Contents

Causal Inference Part 1: Causation and Correlation

Most of the time when we say “my model learned something,” what it actually learned is a bunch of very smart correlations. If users who click A also tend to click B, or if certain pixels tend to appear together in cat photos, our models will happily latch onto those patterns and exploit them. That’s powerful—and often enough for prediction—but it’s not the same as understanding what would happen if we actually changed something in the world: raised a price, changed a policy, or shipped a new feature.

This blog post is about that gap. We’ll look at how correlation-based learning differs from causal reasoning, why most ML lives firmly on the correlation side, and how ideas from causal inference help us talk more clearly about actions, interventions, and “what-if” questions.

causation and correlation

Correlation vs Causation

Before we talk about causal inference, it is useful to clarify a basic but crucial distinction: correlation versus causation.

Correlation: how things move together

Two variables are said to be correlated if they tend to move (or change) together in the data:

  • When one variable is high, the other also tends to be high, or
  • When one is high, the other tends to be low.

Formally, we can measure this with quantities such as covariance or correlation coefficients. Intuitively, correlation captures how much two variables vary in the data we observe.

A key point is that correlation is purely about patterns in the data, not about underlying mechanisms. If ice-cream sales and drowning accidents go up together in summer, they are correlated; but it would be absurd to say that buying ice cream causes drowning. Both are driven by a third factor: the weather.

Causation: how one variable affects another

By contrast, causation is about what happens to one variable if we change another variable:

If we force $X$ to change, how does $Y$ respond (on average)?
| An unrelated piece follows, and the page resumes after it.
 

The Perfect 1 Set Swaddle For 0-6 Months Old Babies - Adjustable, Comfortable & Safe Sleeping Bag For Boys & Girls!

Here we are interested in the exact impact of one variable on another under interventions, not just how they happened to move together in the past. Causal questions are of the form:

  • What is the effect of raising the legal driving age on traffic accidents?
  • What is the effect of a new drug on blood pressure?
  • What is the effect of a new recommendation algorithm on user engagement?

These questions all ask about the consequences of a hypothetical action, not just about existing correlations.
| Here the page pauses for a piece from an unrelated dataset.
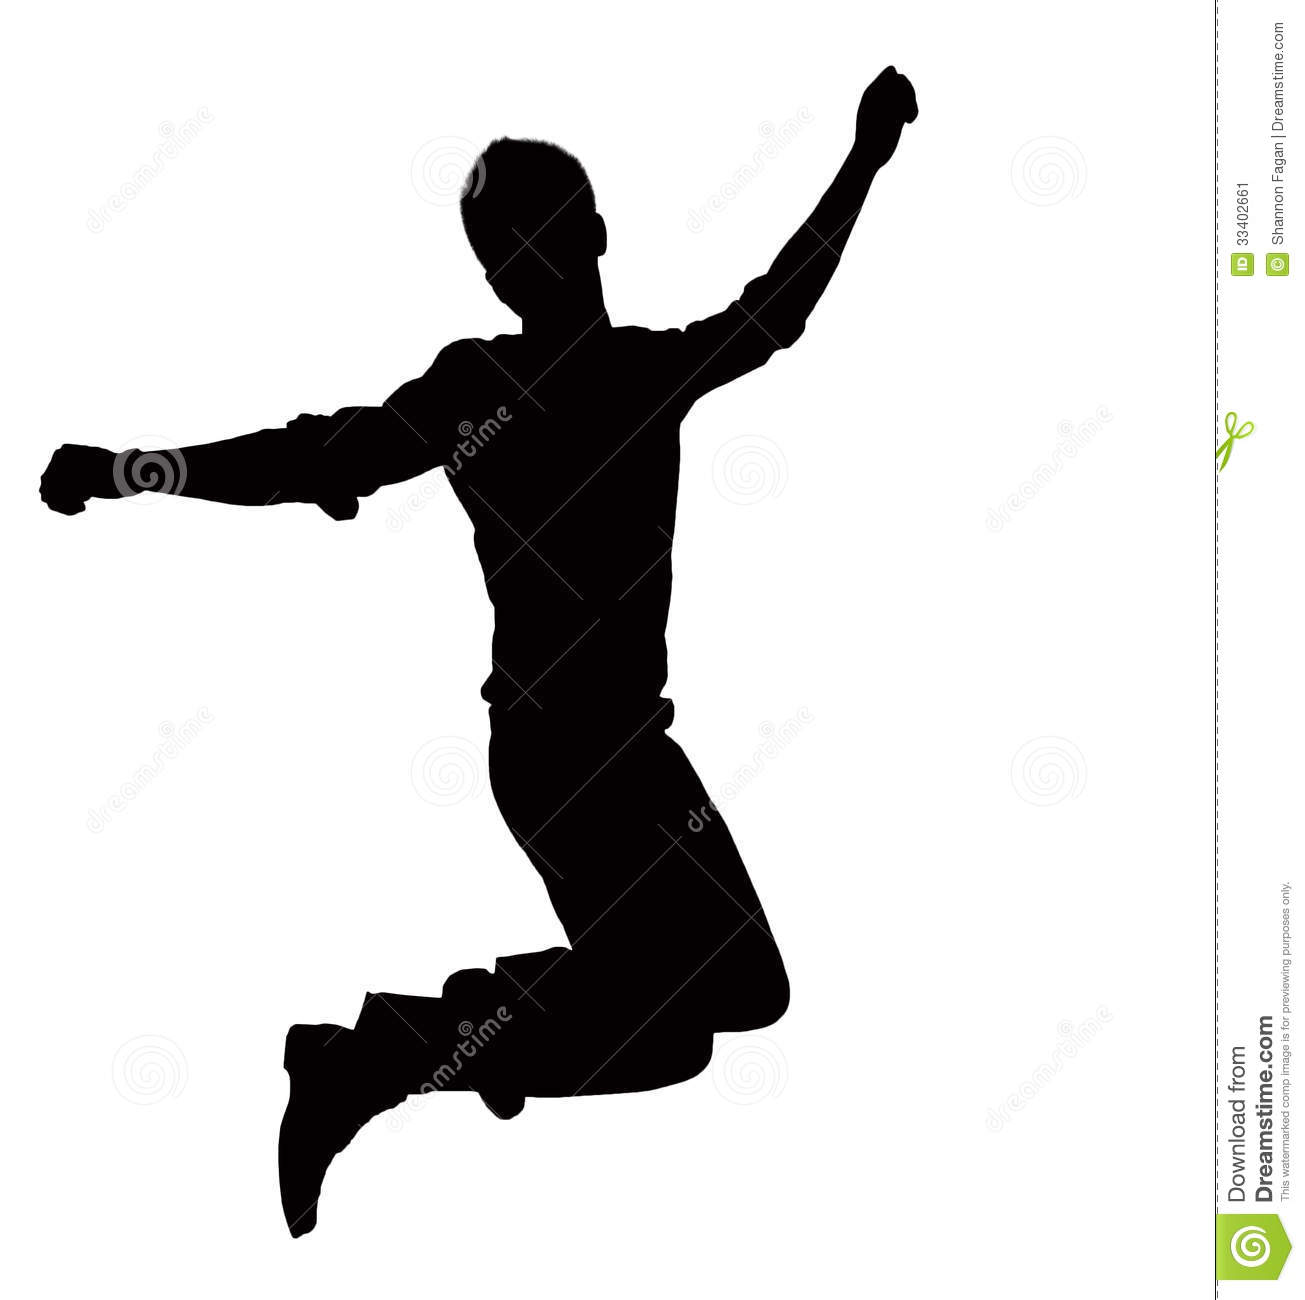 Silhouette Of Businessman Jumping Mid Air  Stock Image   Image

What most machine learning actually learns

Most standard machine learning algorithms (e.g., linear regression, logistic regression, random forests, neural networks, transformers, and so on) are trained to learn patterns like

$$P(Y \mid X) \quad \text{or} \quad f(x) \approx \mathbb{E}[Y \mid X = x],$$

that is, they learn to predict $Y$ from $X$ based on observed co-variation in the data. In other words:

  • They learn correlations (or more generally, statistical dependencies) between inputs and outputs.
  • They do not, by default, distinguish whether those dependencies are causal or simply due to confounding factors.

We can think of standard ML as correlation-based learning:

  • It focuses on learning how variables change together in the data rather than understanding the underlying “why”,
  • It focuses not on what would happen if we actively intervened and changed one variable while holding everything else fixed.

This distinction is crucial:

  • A model that is excellent at exploiting correlations may be very good at prediction in environments similar to its training data,
  • but it can fail badly when we change the environment or policy, because it does not know the underlying causal structure.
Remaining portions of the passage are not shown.